Sunday, December 5, 2010

The Initiation of Igjugarjuk as a Shaman

Inuit
The Inuit live in the Arctic region along the northern coast of North America, the north coast of Alaska, and the coast of Greenland. Their culture is quite diverse, with many subgroups and dialects, but they all share a common ancestry. The Inuit people developed different lifestyles according to the environments they faced. (At times this environment is so harsh that no white man has ever been able to live there without outside support.) Some bands were whale hunters, some hunted seals, and all hunted caribou. They traveled in skin kayaks on the sea and on dog sleds on the ice. While away hunting, they lived in igloos made of ice, but most of the time they lived in earth shelters with sod roofs.

In the early 1920s, the noted Danish Inuit scholar and explorer Knud Rasmussen led an expedition across Arctic America, from Greenland to Alaska. During this trek he met a number of Inuit shamans (Igjugarjuk, Najagneq, and Aggjartoq) and the woman named Kinalik, who told their amazing personal biographies and initiation stories. The passage that follows is my rendering of Rasmussen’s story.

The Initiation of Igjugarjuk as a Shaman
As a child, Igjugarjuk was disturbed by visions and dreams of strange beings. The dreams were quite vivid, and he could remember every aspect of them. His family was very concerned for him, and the shaman Perqanaoq was consulted. The shaman met with their son and determined that he was destined to become a shaman, and so the parents gave him over to Perqanaoq for training.
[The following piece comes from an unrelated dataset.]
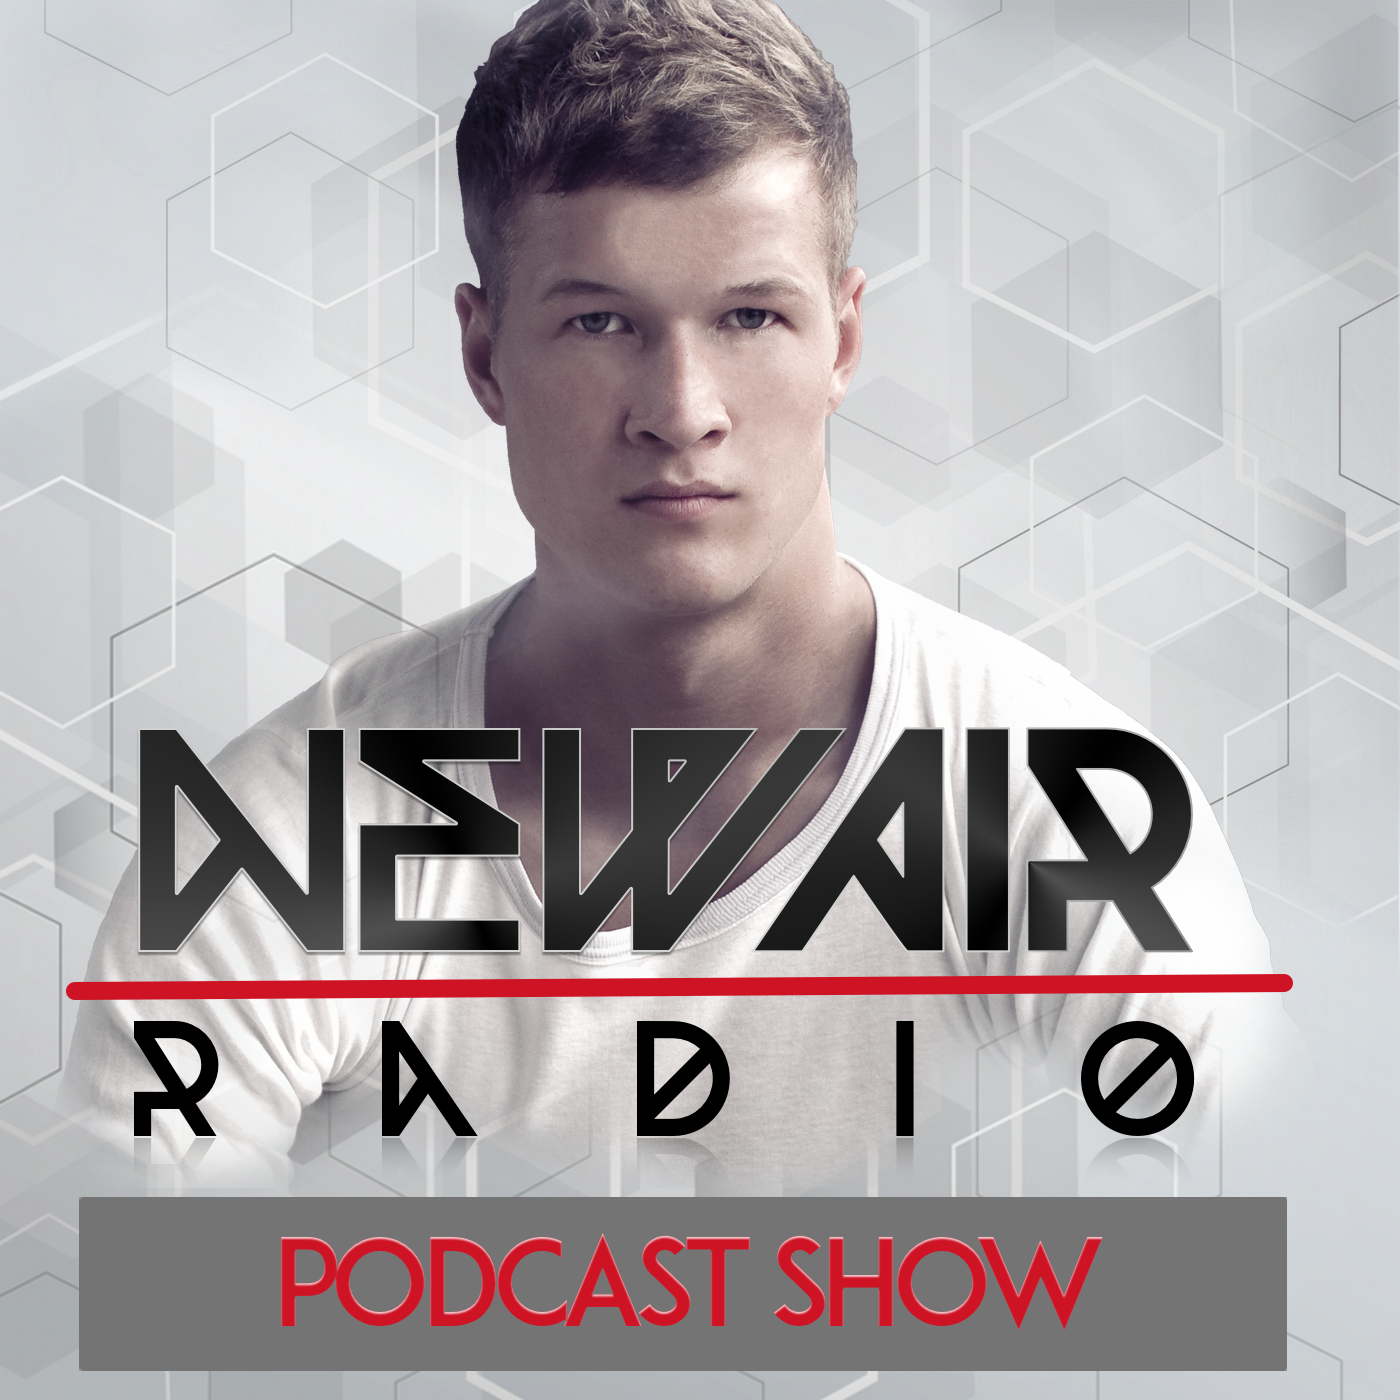 Podcast – New Air Radio

So began his initiation. In the depth of winter, when the temperature can drop to –40 degrees Fahrenheit, Perqanaoq put Igjugarjuk on a sled and took him far out into the Arctic wilderness. There he built a small igloo for the boy, just big enough for him to sit cross-legged in. He took Igjugarjuk off the sledge and deposited him in the hut on a small piece of animal skin. He was left there alone and told to think only of the Great Spirit.
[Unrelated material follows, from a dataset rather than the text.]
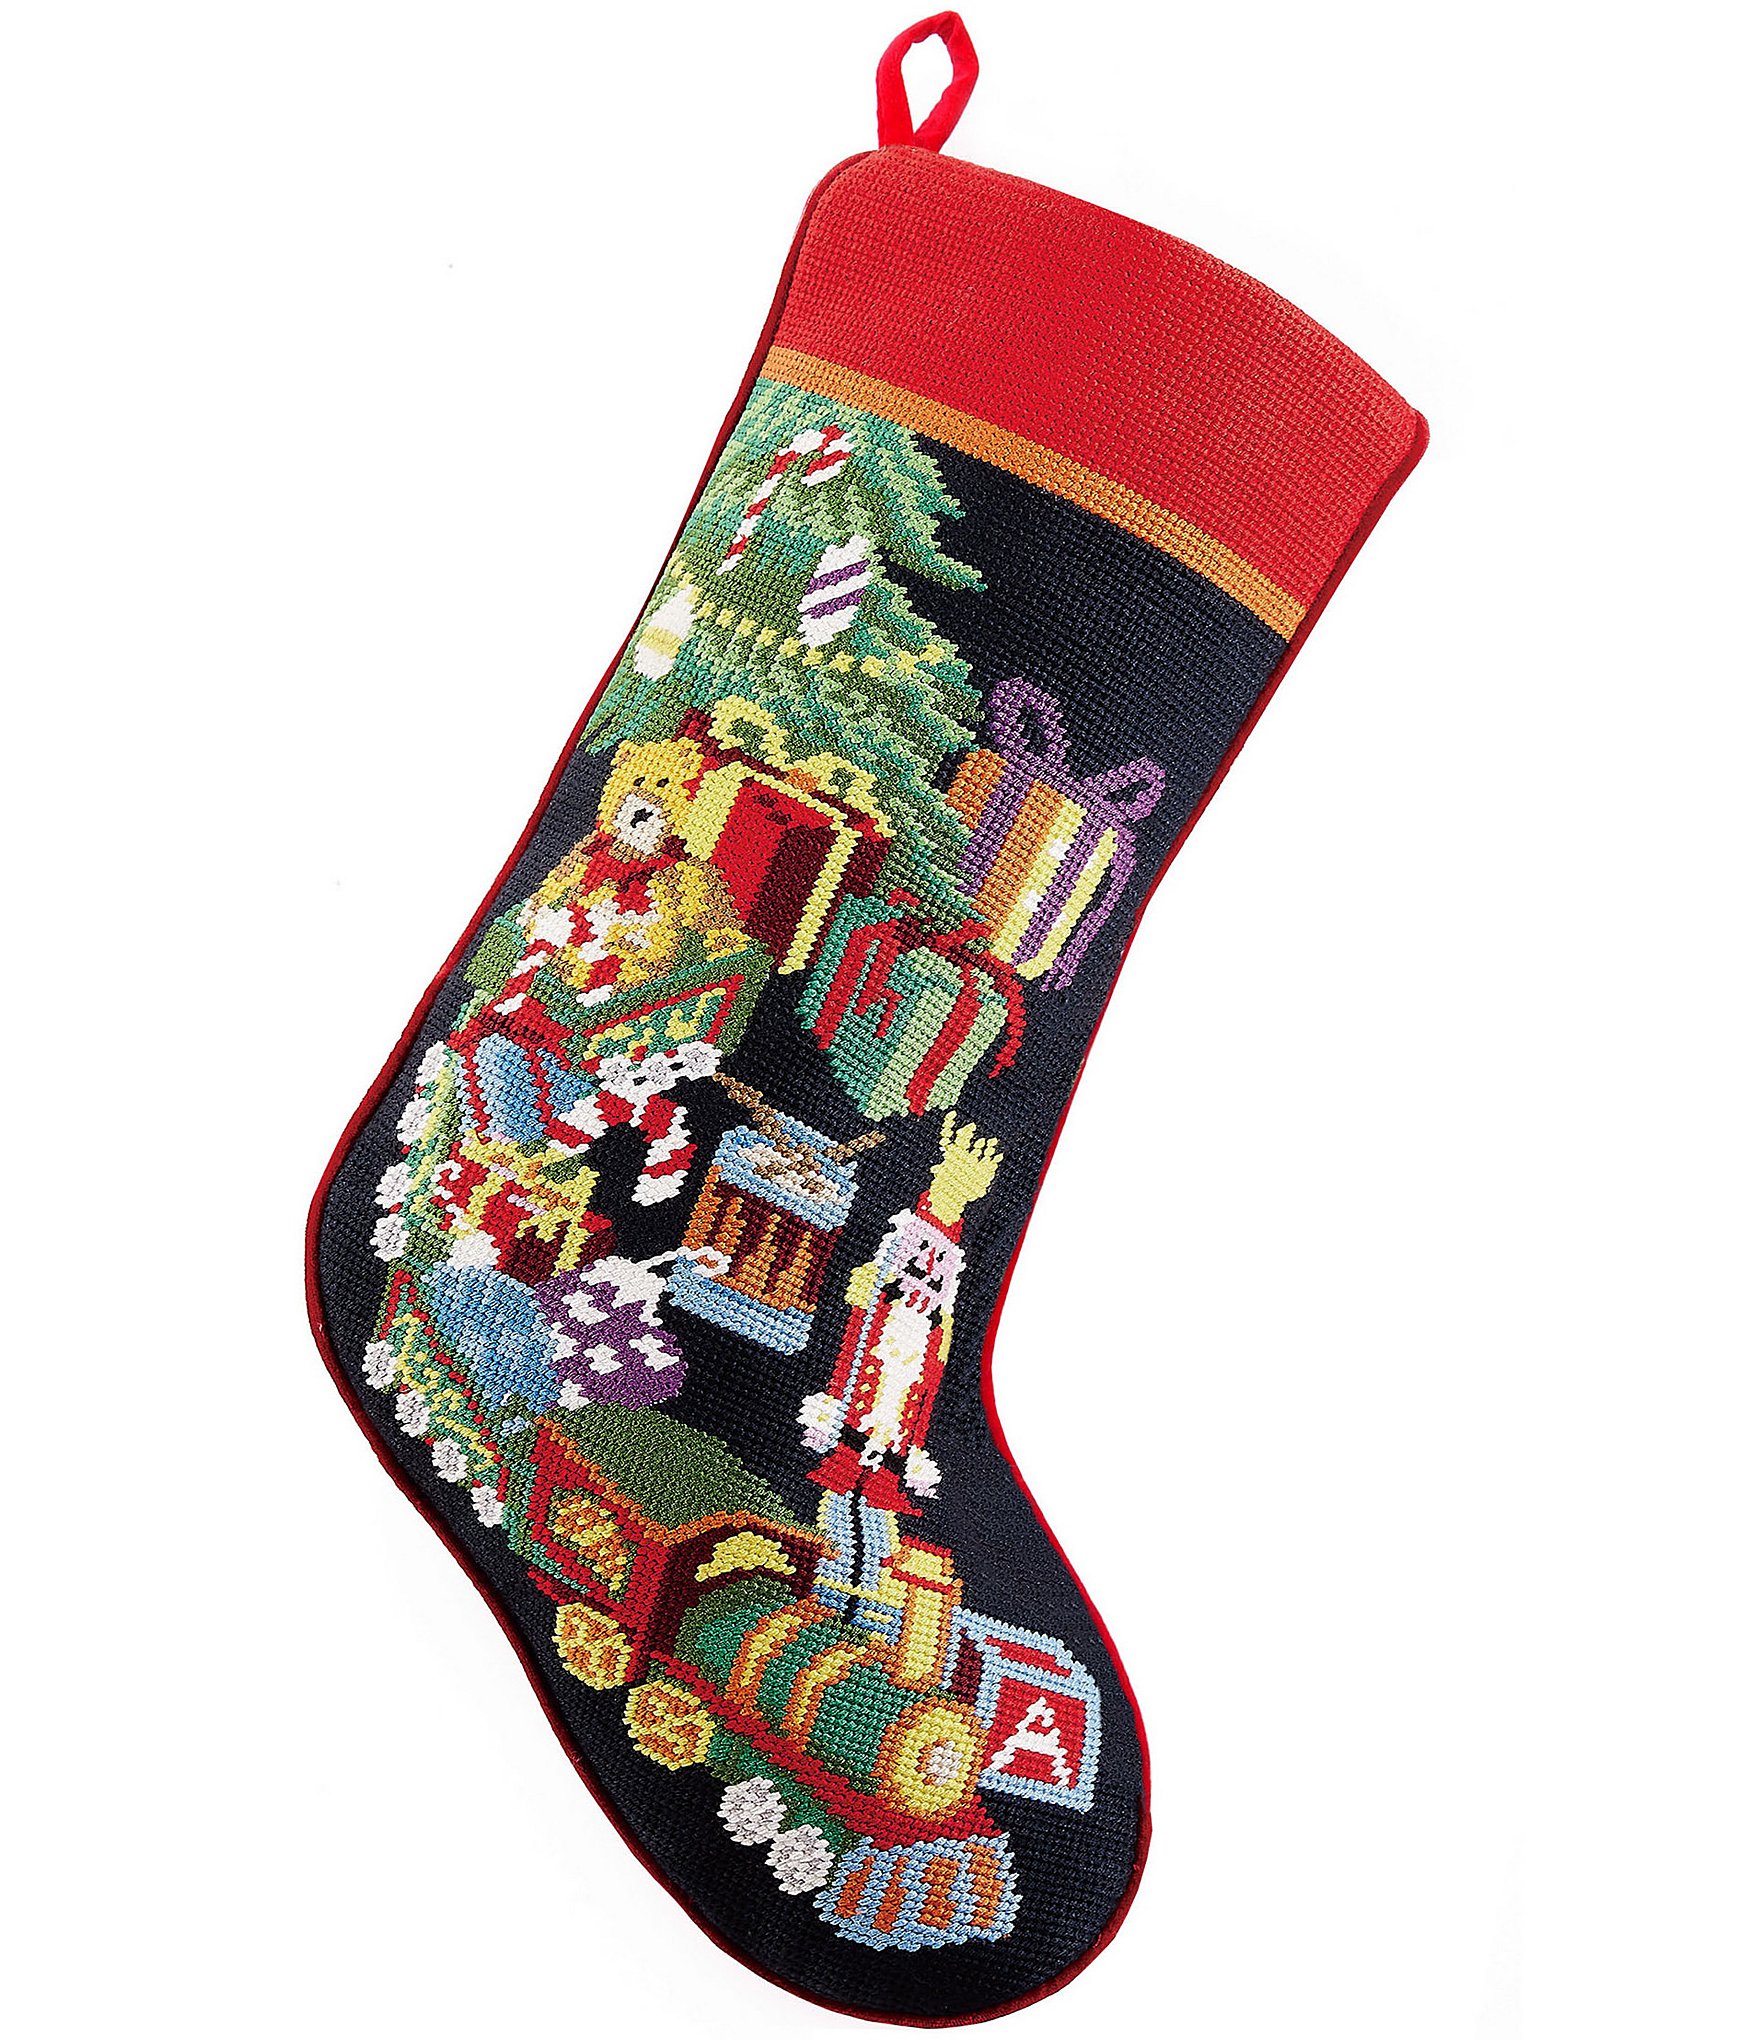 Peking Handicraft 31SJM9531NMC 11 x 18 in. Christmas Tree Embroidered Needlepoint Stocking, Red & Green

After five days, Perqanaoq returned and gave the boy a drink of warm water and left. After fifteen more days, he returned and gave Igjugarjuk another drink of water and a small piece of meat. This was to last him another ten days. At the end of his ordeal, which lasted thirty days, he was brought back to the village, where he fasted and continued his training.

Igjugarjuk was a great shaman when Rasmussen met him. He told Rasmussen he thought he would die from the fasting and cold and said that at one point a young woman with a powerful presence appeared before him, hovering a few feet above the ground. He never “saw” her again, but from that time on she remained his helping spirit. Igjugarjuk was convinced that suffering and deprivation was the key to knowledge and power, for as he said, “The only true wisdom lives far from mankind, out in the great loneliness, and it can be reached only through suffering. Privations and suffering alone can open the mind of a man to all that is hidden to others.”